Why Track Experiments?

Reproducibility

Record exact configurations, data versions, and code commits

Comparison

Compare metrics across different hyperparameters and architectures

Collaboration

Share results and insights with team members

Debugging

Diagnose training issues with detailed logs and visualizations

Configuration Management

JSON Configuration Files

The reference implementations use JSON for configuration:

conf/example.json

{
  "model_name_or_path": "google/mobilebert-uncased",
  "train_file": "./data/train.csv",
  "validation_file": "./data/val.csv",
  "output_dir": "results",
  
  "max_seq_length": 128,
  "per_device_train_batch_size": 32,
  "per_device_eval_batch_size": 32,
  "learning_rate": 5e-05,
  "num_train_epochs": 5,
  
  "eval_strategy": "steps",
  "eval_steps": 250,
  "logging_steps": 250,
  "save_steps": 250,
  
  "load_best_model_at_end": true,
  "metric_for_best_model": "eval_f1",
  "report_to": ["wandb"]
}

Loading Configuration

Use HuggingFace’s HfArgumentParser for type-safe config loading:

from transformers import HfArgumentParser, TrainingArguments
from classic_example.config import ModelArguments, DataTrainingArguments

def get_config(config_path: Path):
    parser = HfArgumentParser(
        (ModelArguments, DataTrainingArguments, TrainingArguments)
    )
    model_args, data_args, training_args = parser.parse_json_file(config_path)
    return model_args, data_args, training_args

# Load from JSON
model_args, data_args, training_args = get_config("conf/example.json")

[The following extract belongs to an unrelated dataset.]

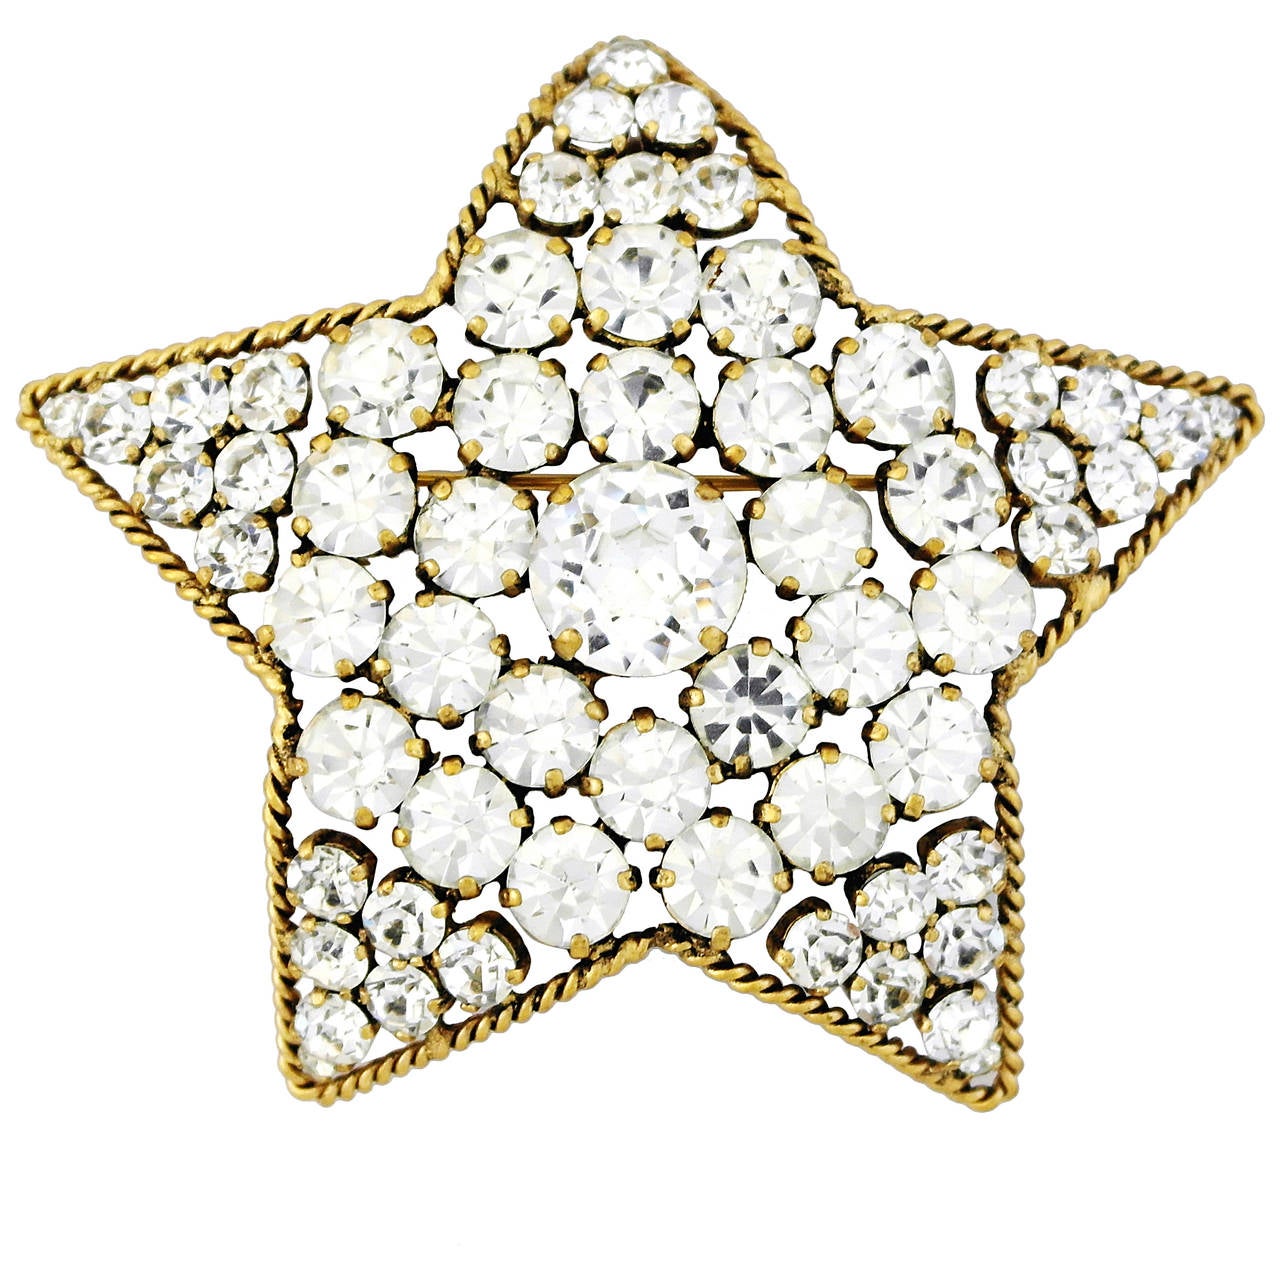 Rare 1983 Chanel Star Shaped Brooch/Pendant with Brilliant Rhinestones For Sale

Hydra Configuration (Alternative)

For more complex projects, use Hydra for hierarchical configuration:

config.yaml

model:
  name: bert-base-uncased
  num_labels: 2

data:
  train_file: data/train.csv
  val_file: data/val.csv
  max_length: 128

trainer:
  batch_size: 32
  learning_rate: 5e-5
  num_epochs: 5

Hydra enables config composition, command-line overrides, and multi-run sweeps for hyperparameter search.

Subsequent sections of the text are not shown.